Note that when I reorganize the index, I make sure that the index pages form a continuous memory region, so I don't have to worry about mapping pages or anything. That's already been taken care of.

The index can grow up to 5 SAMS pages mapped to (>b000 to >ffff) for 10240 lines of text.

ok, Here's what I would do:

Copy code to scratchpad and work from there for reducing wait states
Reduce loop counter overhead by putting multiple mov instructions in a single loop, say 8
Look at the fastest mov instructions (only use registers?)

What else could be done for faster access?

Note that in the code fragment tmp0=R4, tmp1=R5, tmp2=R6 and so on.

***************************************************************
* _idx.entry.delete.reorg
* Reorganize index slot entries
***************************************************************
* bl @_idx.entry.delete.reorg
*--------------------------------------------------------------
*  Remarks
*  Private, only to be called from idx_entry_delete
*--------------------------------------------------------------
_idx.entry.delete.reorg:
        ;------------------------------------------------------
        ; Reorganize index entries 
        ;------------------------------------------------------
!       mov   @idx.top+2(tmp0),@idx.top+0(tmp0)
        inct  tmp0                  ; Next index entry
        dec   tmp2                  ; tmp2--
        jne   -!                    ; Loop unless completed
        b     *r11                  ; Return to caller

*//////////////////////////////////////////////////////////////
*                  TiVi Editor - Index Management
*//////////////////////////////////////////////////////////////

***************************************************************
*  Size of index page is 4K and allows indexing of 2048 lines
*  per page.
* 
*  Each index slot (word) has the format:
*    +-----+-----+
*    | MSB | LSB |   
*    +-----|-----+   LSB = Pointer offset 00-ff.
*                      
*  MSB = SAMS Page 00-ff
*        Allows addressing of up to 256 4K SAMS pages (1024 KB)
*    
*  LSB = Pointer offset in range 00-ff
*
*        To calculate pointer to line in Editor buffer:
*        Pointer address = edb.top + (LSB * 16)
*
*        Note that the editor buffer itself resides in own 4K memory range
*        starting at edb.top
*
*        All support routines must assure that length-prefixed string in
*        Editor buffer always start on a 16 byte boundary for being
*        accessible via index.
***************************************************************

Edited May 9, 2020 by retroclouds

Asmusr · May 9, 2020

You're just copying a memory range two bytes back?
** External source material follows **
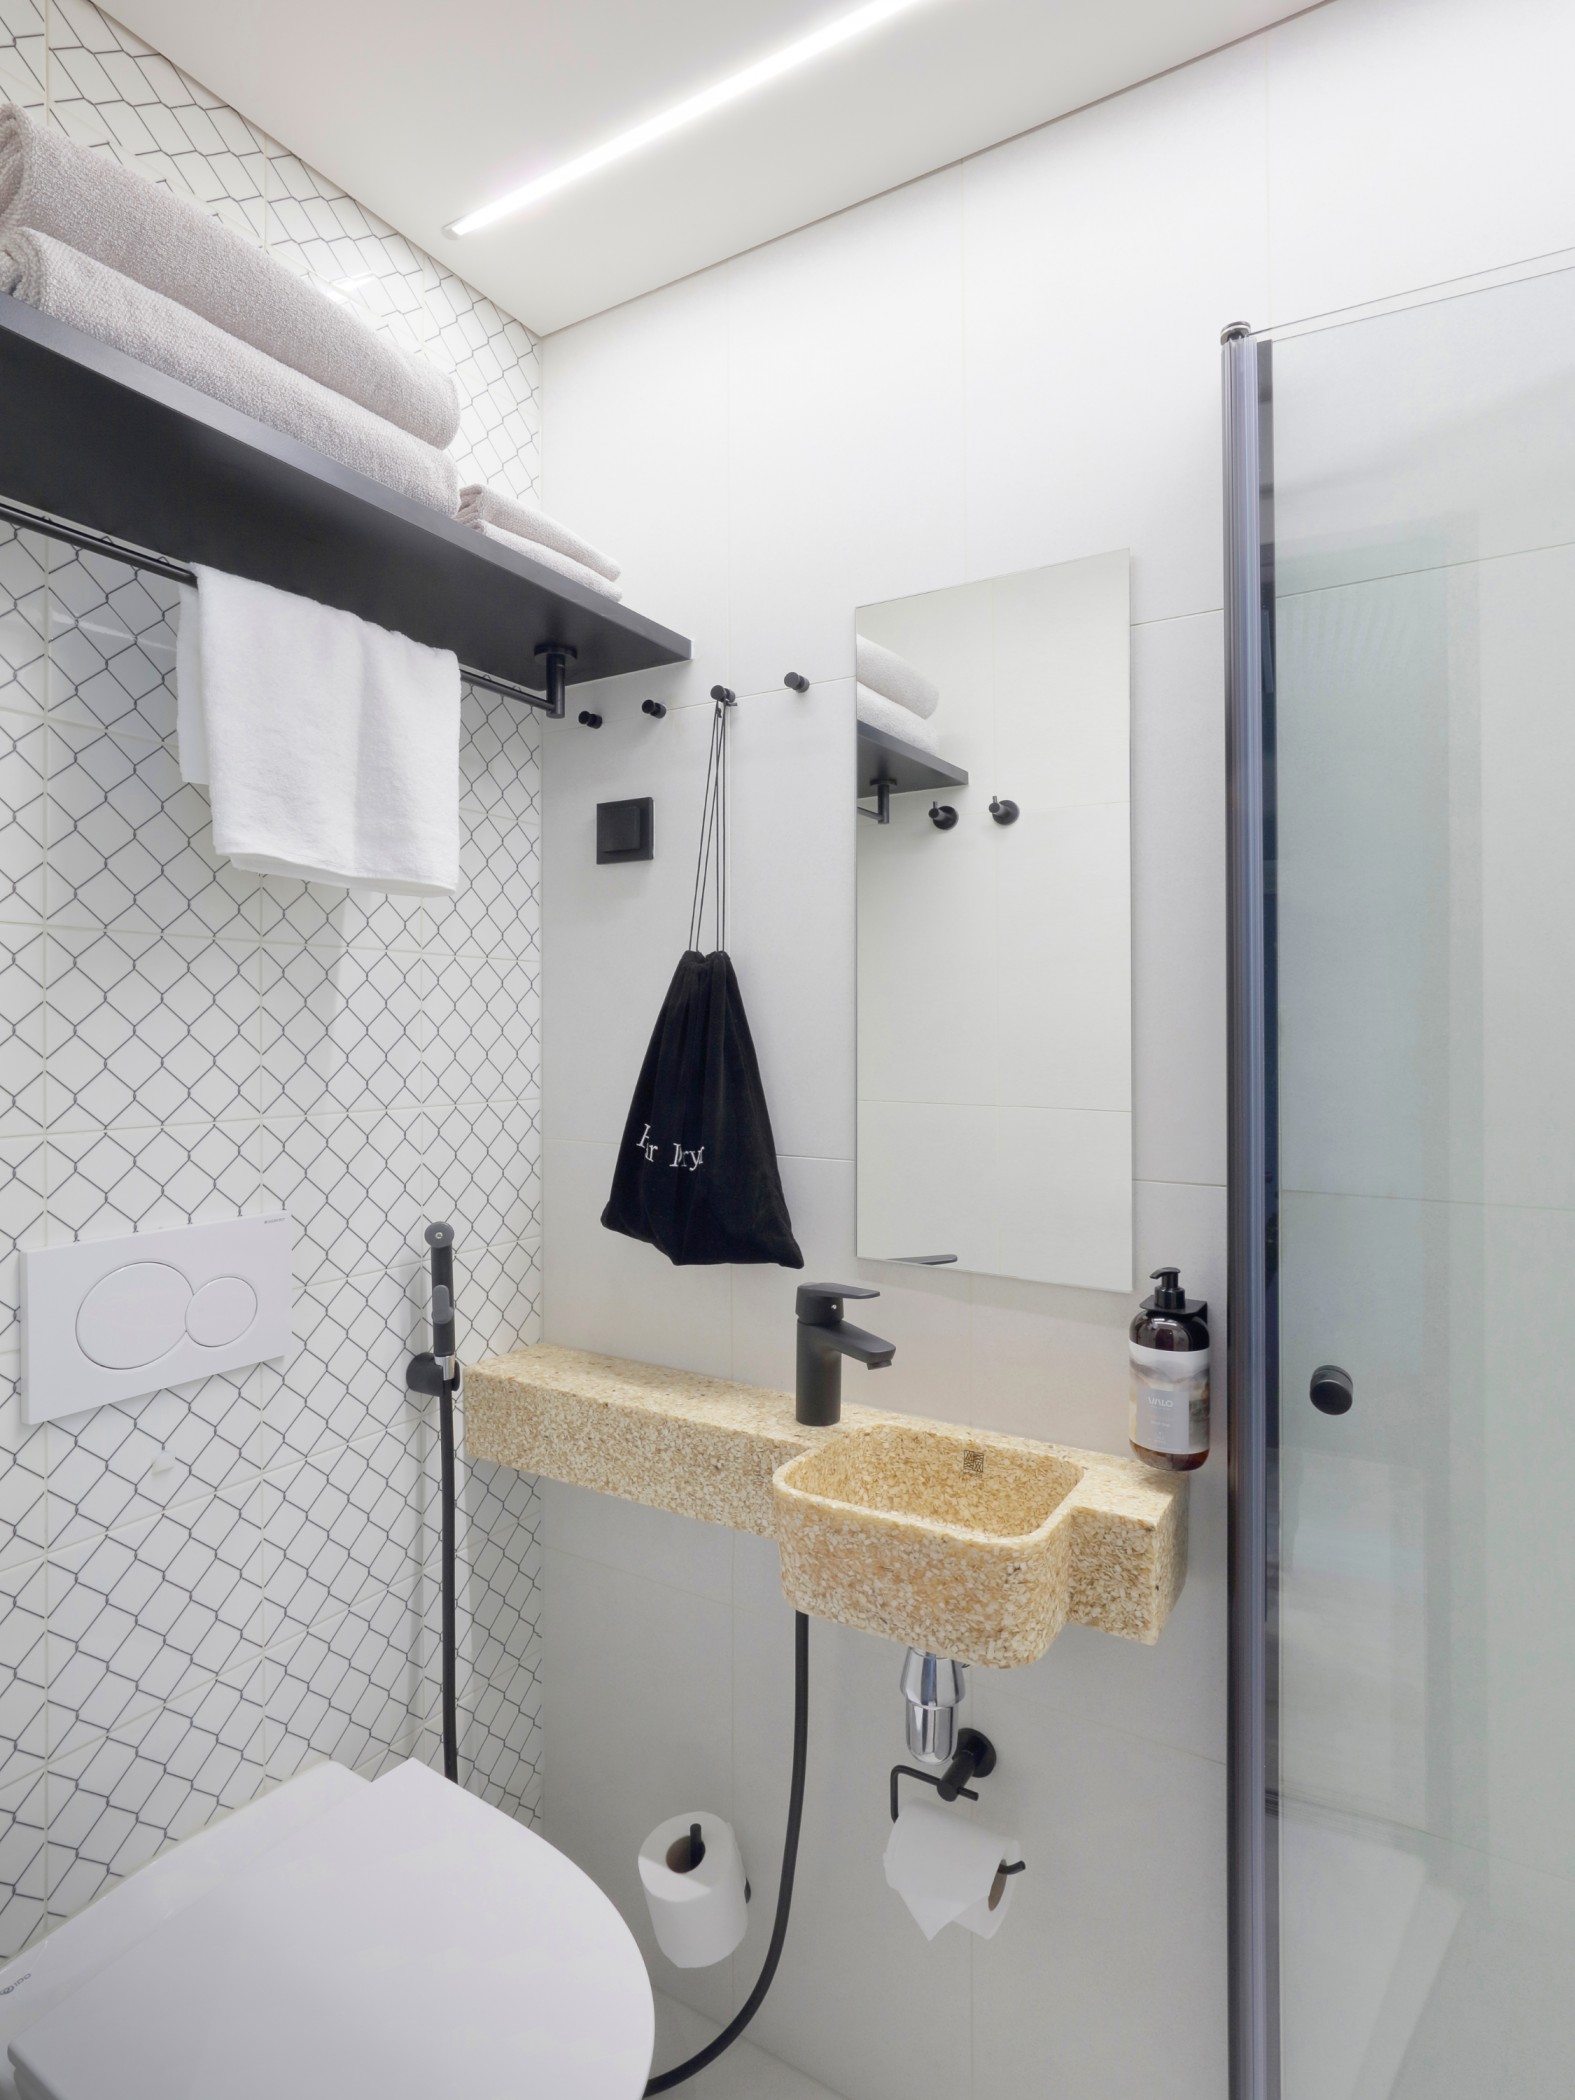 SSA rakentaa kylpyhuonemoduuleja myös hotellihankkeisiin

Instead of using indexed addressing I guess it would be faster to set up two registers tmp0 and tmp1 and use auto-increment addressing:

  ai tmp0,idx.top
  mov tmp0,tmp1
  inct tmp1
! mov *tmp1+,*tmp0+
  dec tmp2
  jne -!

Edited May 9, 2020 by Asmusr

Stuart · May 9, 2020

Is your register set already in scratchpad RAM?

Tursi · May 9, 2020

- Use registers as Rasmus suggests

- unroll - do 4 copies in a single loop - deal with the leftover externally. Even two loops (one unrolled and one normal) will be much faster

The biggest win with registers is simply the number of bytes read. With very few exceptions, nearly all contrived, the smallest code on the TI is the fastest code.
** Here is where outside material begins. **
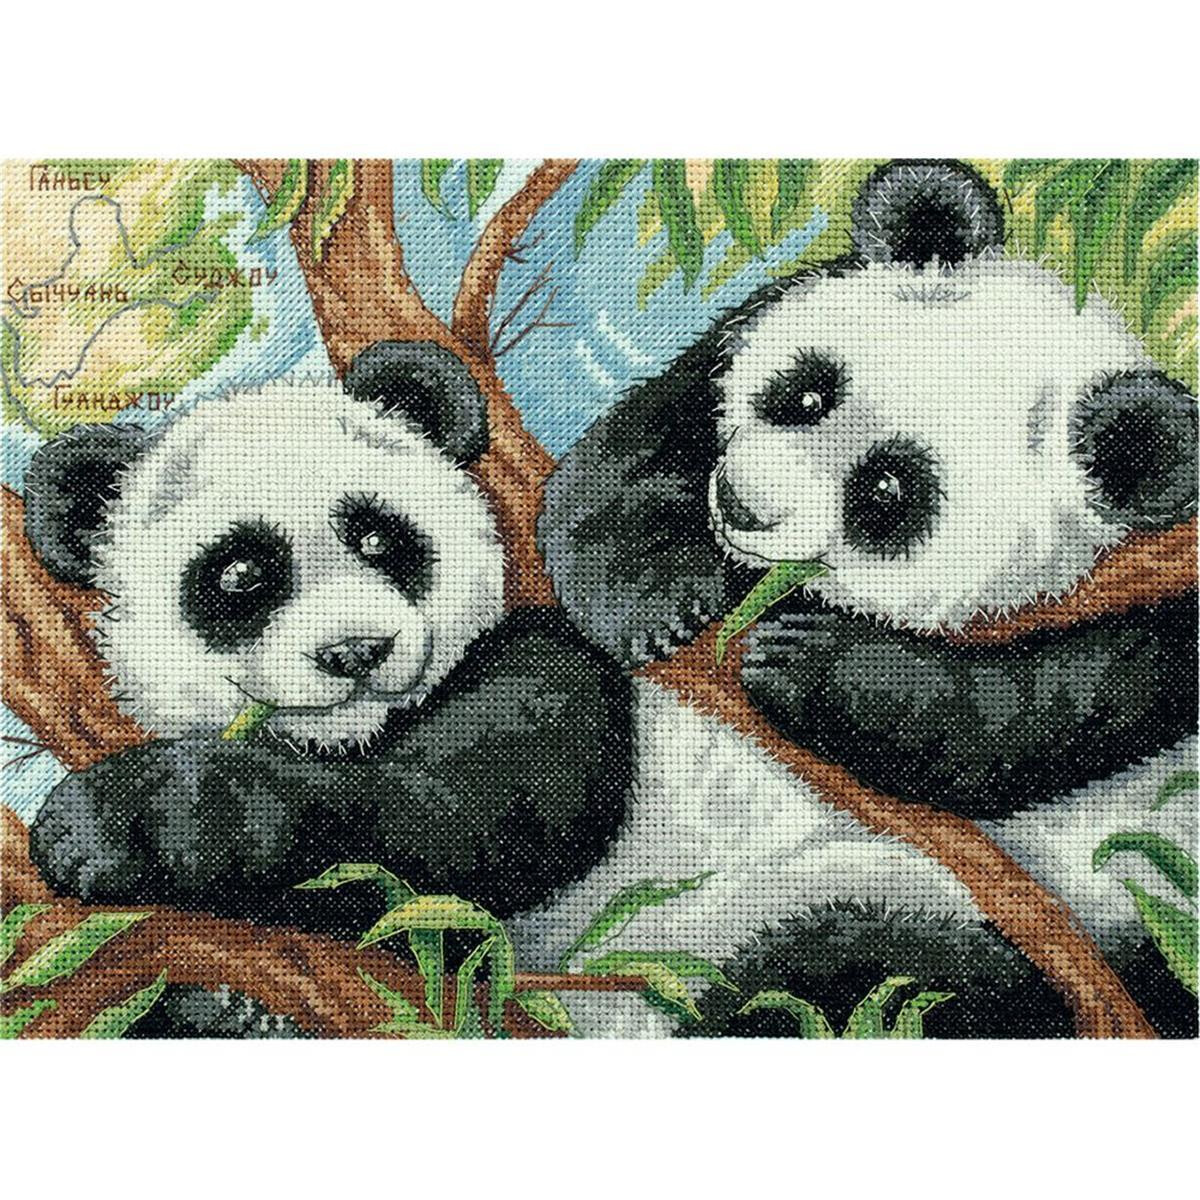 Panna Kreuzstichset "Pandas" 24x18cm,...

That said, the big non-contrived exception is unrolling loops. And this is just a matter of work/overhead. If you have a common loop like this:

lp
  mov *r0+,*r1+
  dec r2
  jne lp

Even if it's all in scratchpad, you are spending 30 cycles doing work (the mov), and 20 cycles counting (so 40% of the time, it's not working). Put another way, every word costs you 50 cycles to move.

If you unroll 4 times:

lp
  mov *r0+,*r1+
  mov *r0+,*r1+
  mov *r0+,*r1+
  mov *r0+,*r1+
  dec r2
  jne lp

Now we have 120 cycles of work and 20 cycles counting (so the non-work portion is only 14%). On average, this loop costs 35 cycles per word.

If your loops have any substantial size, the time gained can be significant and well worth the extra setup time (so assuming a shift, for instance, to set the count, you'd want to have more than about 12 words to move to see a benefit overall).
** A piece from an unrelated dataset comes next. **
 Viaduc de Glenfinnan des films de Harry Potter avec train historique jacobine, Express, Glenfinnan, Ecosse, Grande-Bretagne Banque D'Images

+retroclouds · May 10, 2020

9 hours ago, Stuart said:

Is your register set already in scratchpad RAM?

Hi Stuart. Yes, the register set is in scratchpad RAM.

+retroclouds · May 10, 2020

9 hours ago, Asmusr said:
You're just copying a memory range two bytes back? Instead of using indexed addressing I guess it would be faster to set up two registers tmp0 and tmp1 and use auto-increment addressing:
  ai tmp0,idx.top
  mov tmp0,tmp1
  inct tmp1
! mov *tmp1+,*tmp0+
  dec tmp2
  jne -!

Hi Rasmus,

that is correct. The index is a very simple memory structure and I’m wasting memory, compared to more fancy solutions.

But with a 1MB SAMS we’ve got plenty of memory to burn and benefit is that index access is very fast. The disadvantage is that index delete/insert operations could get slow due to the amount of memory that needs shuffling. That being said, even with Tursi’s nr80 file (the largest file I’ve tested so far, some +5000 lines of text) it is still more than acceptable. So looking forwards seeing what can be pulled off with the optimized version.

+retroclouds · May 10, 2020

8 hours ago, Tursi said:
- Use registers as Rasmus suggests

- unroll - do 4 copies in a single loop - deal with the leftover externally. Even two loops (one unrolled and one normal) will be much faster

The biggest win with registers is simply the number of bytes read. With very few exceptions, nearly all contrived, the smallest code on the TI is the fastest code.

That said, the big non-contrived exception is unrolling loops. And this is just a matter of work/overhead. If you have a common loop like this:
lp
  mov *r0+,*r1+
  dec r2
  jne lp
Even if it's all in scratchpad, you are spending 30 cycles doing work (the mov), and 20 cycles counting (so 40% of the time, it's not working). Put another way, every word costs you 50 cycles to move.

If you unroll 4 times:
lp
  mov *r0+,*r1+
  mov *r0+,*r1+
  mov *r0+,*r1+
  mov *r0+,*r1+
  dec r2
  jne lp
Now we have 120 cycles of work and 20 cycles counting (so the non-work portion is only 14%). On average, this loop costs 35 cycles per word.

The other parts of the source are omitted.